This I believe: I believe in the color brown | Teen Ink

This I believe: I believe in the color brown

May 10, 2012
By Anonymous

I believe in the color brown. I believe that this color, a color disliked by many, written off as not beautiful, is indeed, beautiful. It’s beautiful for its food, for the chocolate that melts on the tongues of all the brown haters who taste the decadence but cannot see the shimmering magnificence. I believe in the color that so many do not love because it deserves to be loved. I believe that it’s a wonderful color for a swimsuit or a Chevrolet, a wonderful color for mahogany chairs and home-cooked pot roast. Brown is my very favorite color. But the reason, the number one reason I believe in the color brown is because it’s the color of the eyes of the one I love. I believe in the color brown because her eyes are brown, her hair is brown, and her skin is brown.

The color brown brings me back to the day I first spoke to her, on stage, just before performing a play we did together. I was shy, too shy to speak to her for an entire month even though I saw her every day after school for two hours of rehearsal. She was shy, too. But there was an attraction, a reason, as to why I fell in love with the color brown… and her. I remember it clearly too… that moment when she first talked to me.
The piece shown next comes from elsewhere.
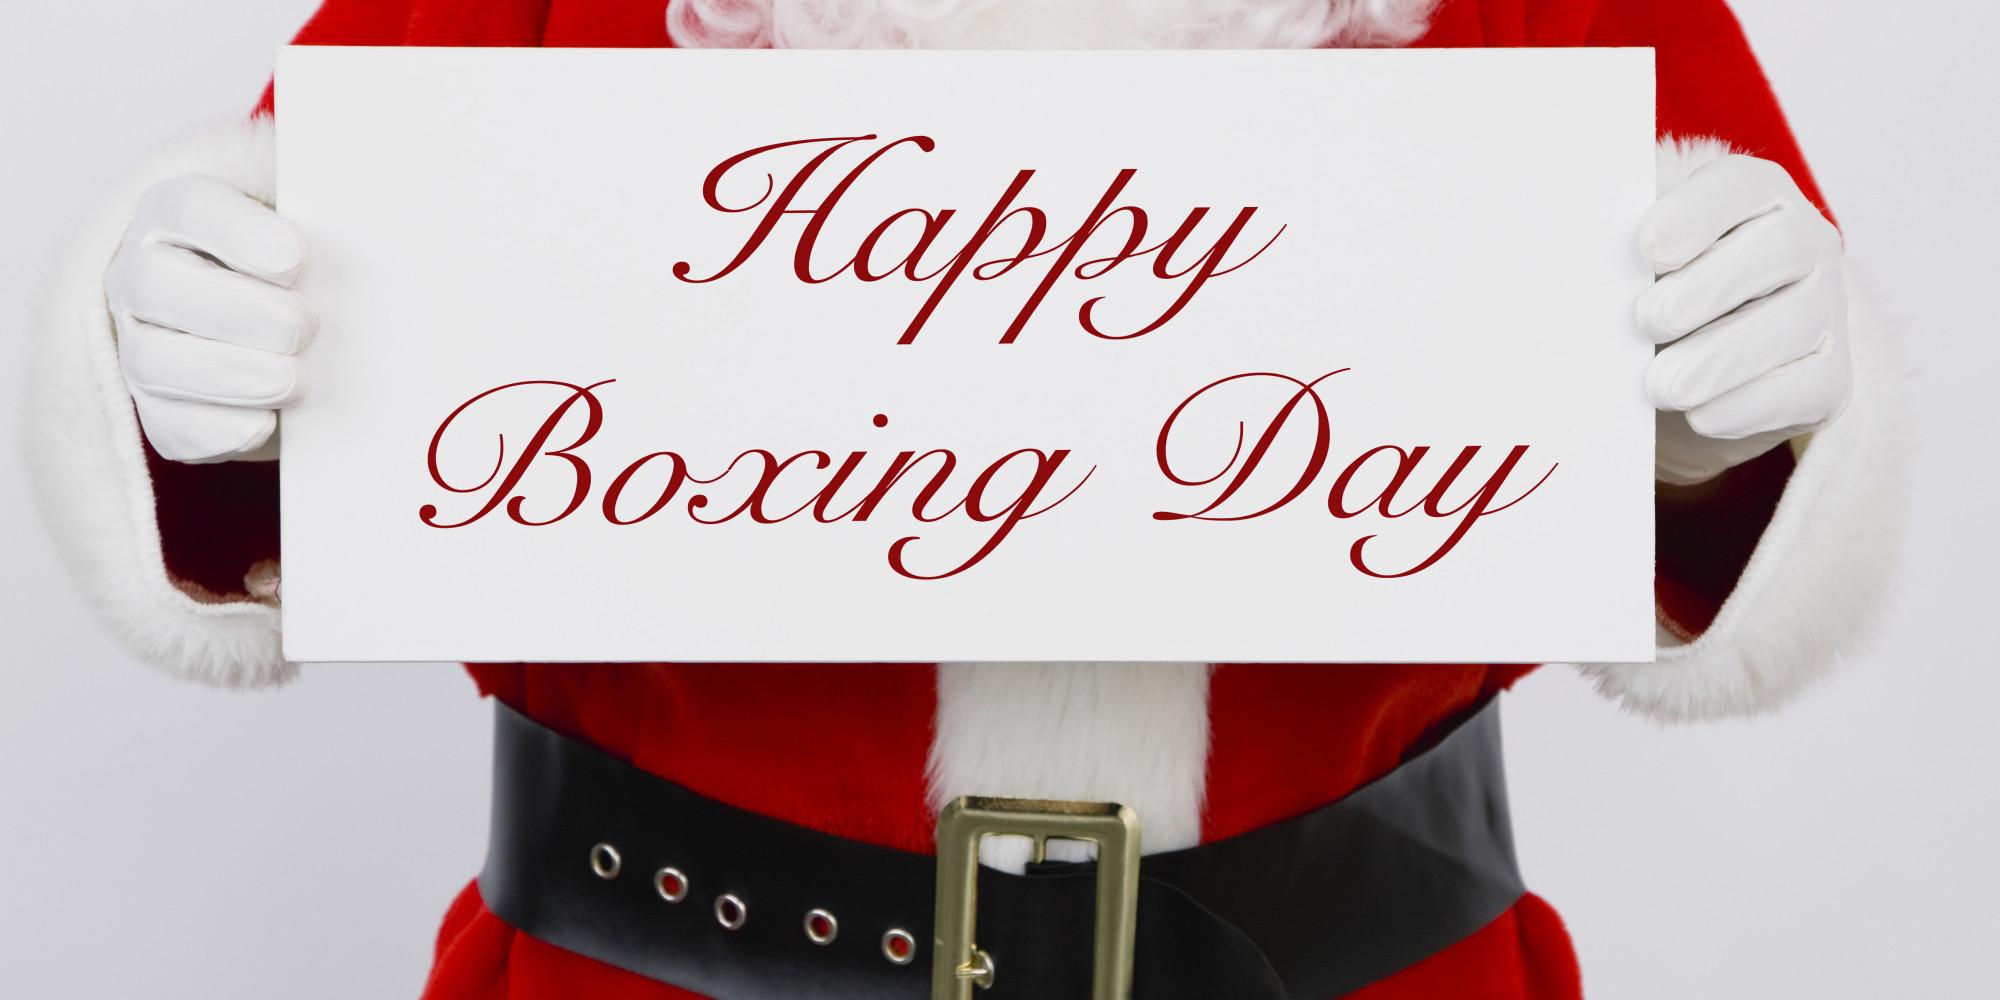 С Рождеством понятно. А что такое Boxing Day?
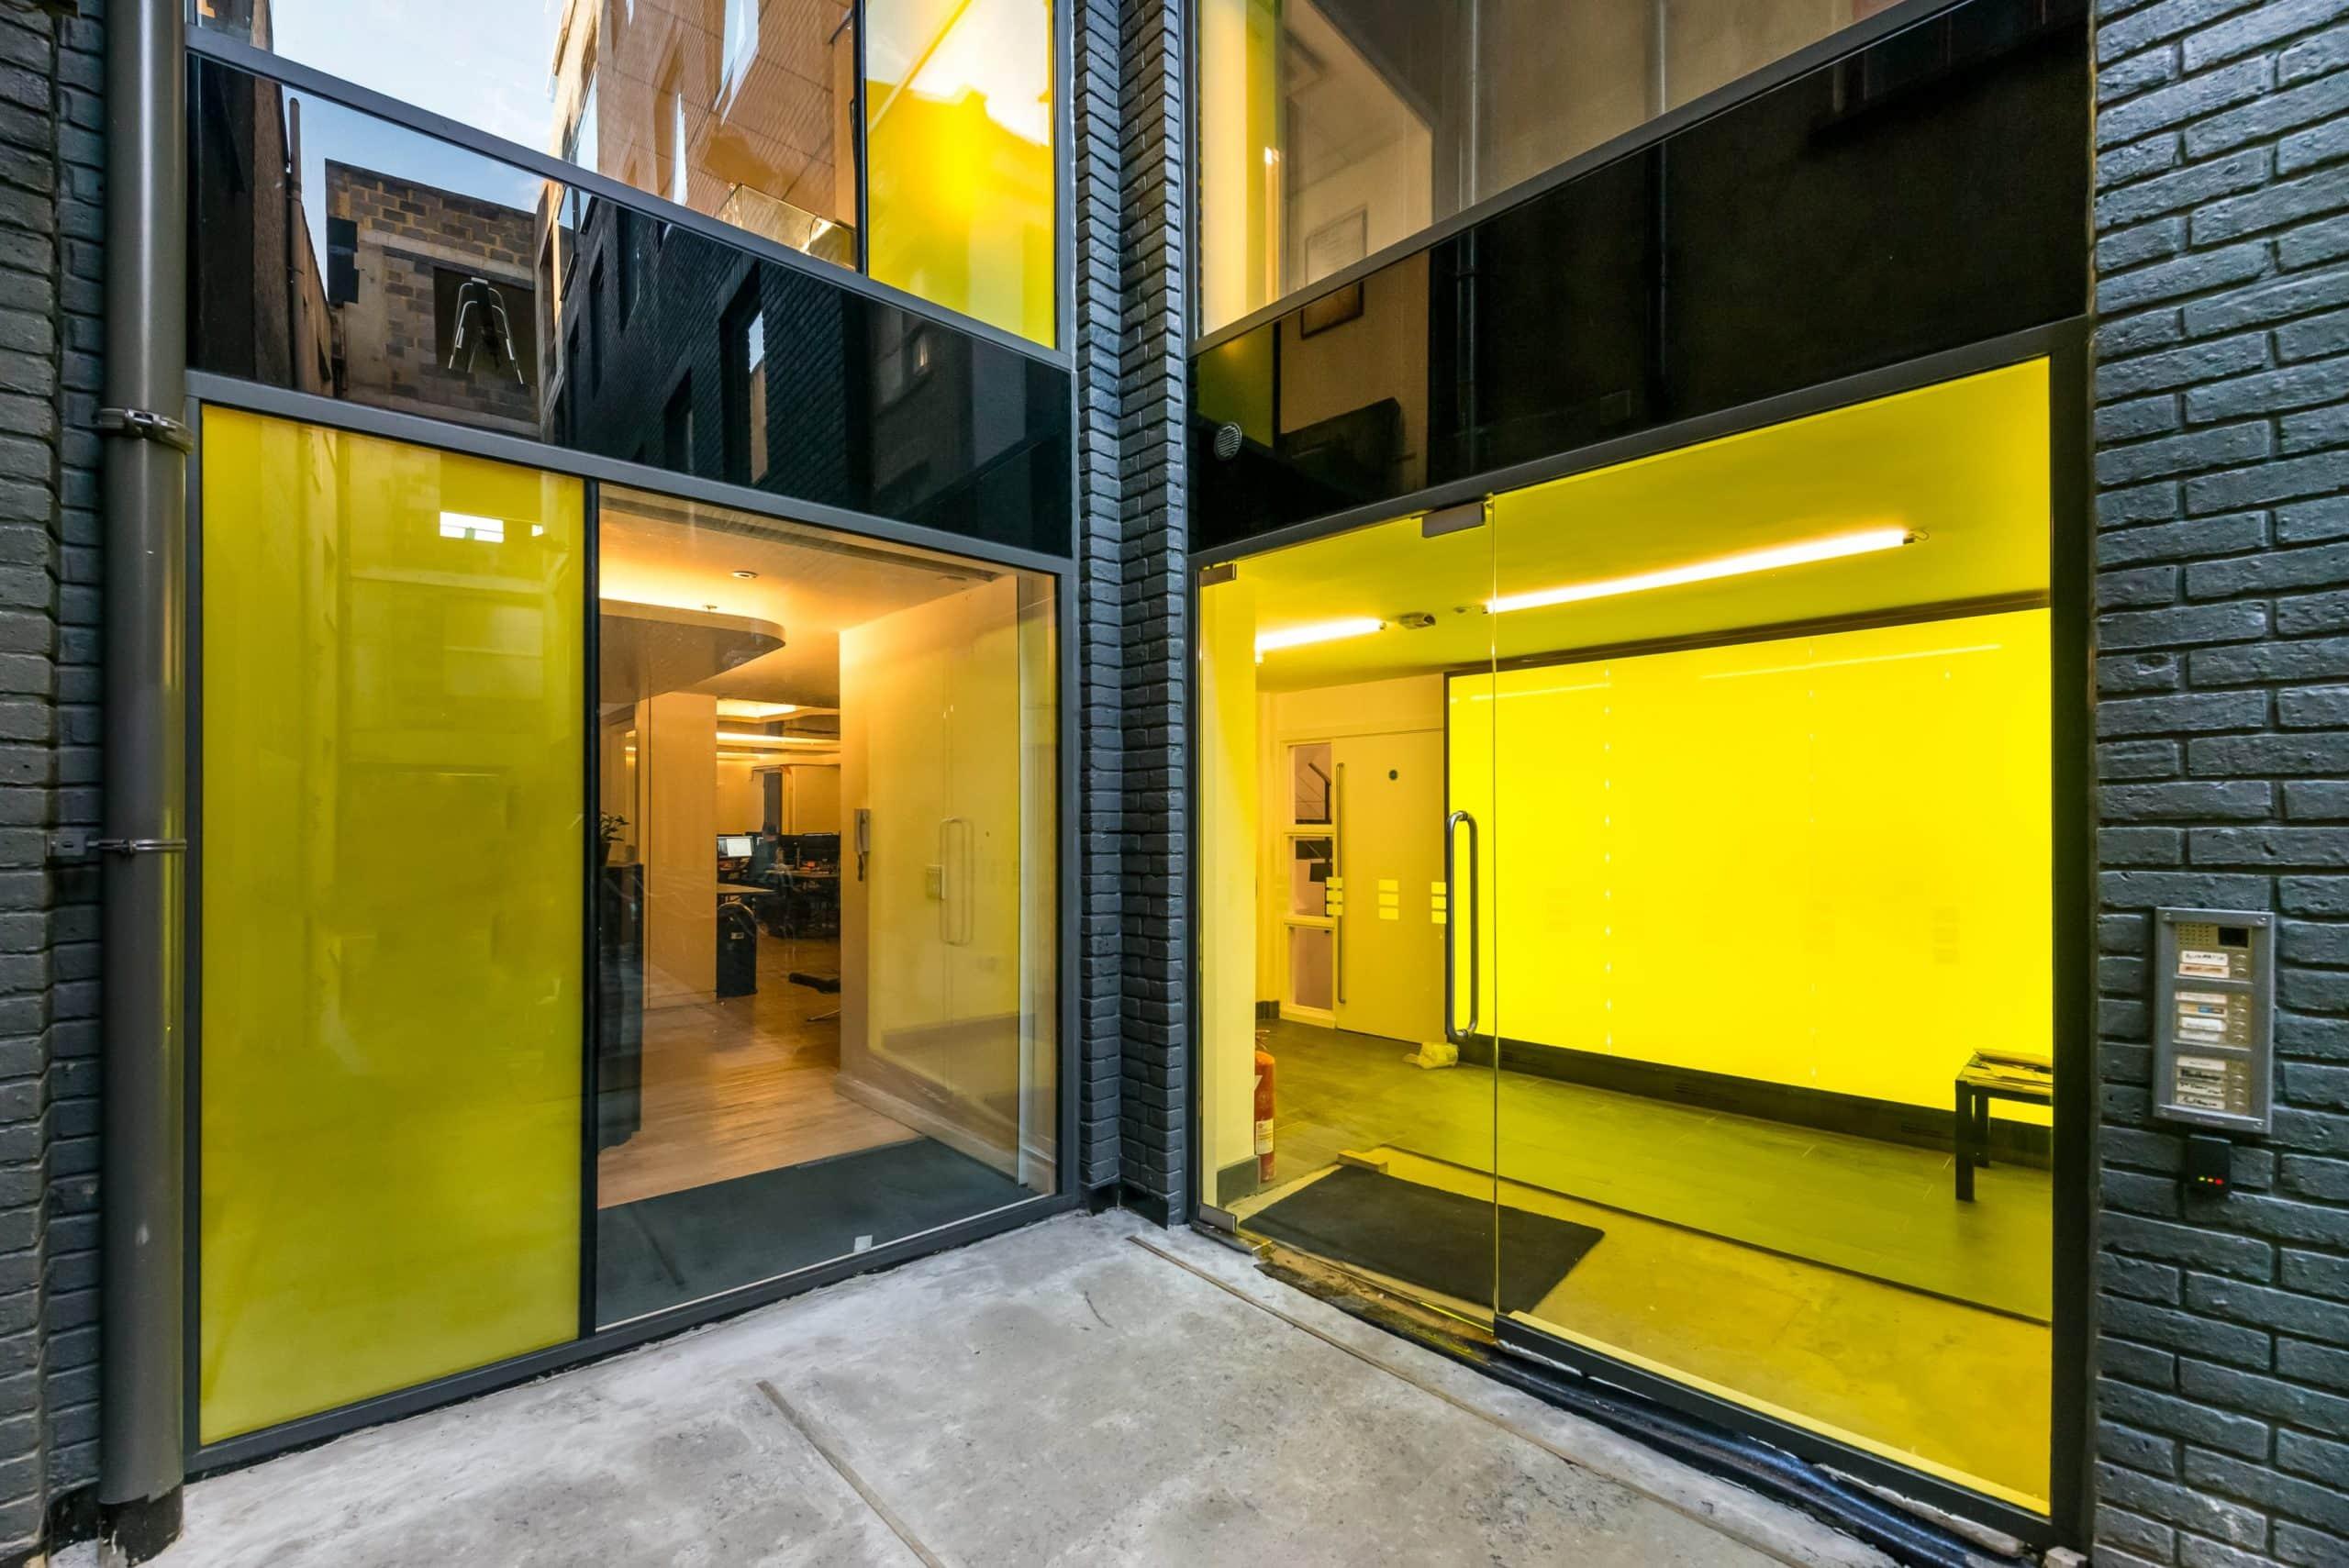 decorative glazing with yellow glass

Our brown eyes met, and my heart started beating faster than it would’ve had I been running the Boston marathon in the dead heat of summer. She started talking about our ages. She was 14, a freshman, and I was 18, a senior, but who can choose when it comes to matters of the heart, right? She was saying something, something about how she was the youngest cast member, and I was the oldest. Funny. But I wasn’t really listening. I mean, sure, I was smiling and laughing and talking, but what I was mostly doing was staring right into her chocolate pudding eyes.

Like comfort food, she healed my heart, my broken heart. It had been through a lot. I remember crying every day over my deceased father; I remember crying over the best friend who betrayed me just before summer started, forcing me to go all summer practically alone, longing for someone, anyone to show me they still cared.

Then, she was there. Every single day she was there, is still there, and I am the most thankful person in this entire world. I believe in the color brown because she believes in the color brown. She loves my eyes just as I love hers, and we can spend hours upon hours staring, gazing into each other’s eyes until we’ve memorized just where every fleck of gold is. Her skin is smooth to the touch, and it smells like a crisp winter’s day mixed with the fragrance of a spring flower, autumnal leaves, and the soothing summer sun. I am in love. I don’t care how old she is. I just don’t care. She is my every color rose. And though she sometimes pricks me with thorns of anger, occasionally draws blood with piercing words that are aimed at exposing my mistakes, she is still as beautiful as that rose, as fragrant, and as telling. A rose is a symbol of love. Love is what I live and will die for, for love cannot choose. It does not discriminate based on race or on gender. One can love a person, an idea, a theory, even a color. I love the color brown because it is her; she is my favorite color.

The day I met her, my life changed forever. I cannot dance without wishing she were my partner. I cannot sing without wanting her to hear. I cannot believe in anything without believing in her and believing in the brown I see in her eyes, the brown that, to me, symbolizes love, and the brown that made this non-believing, broken-hearted soul believe in love, too.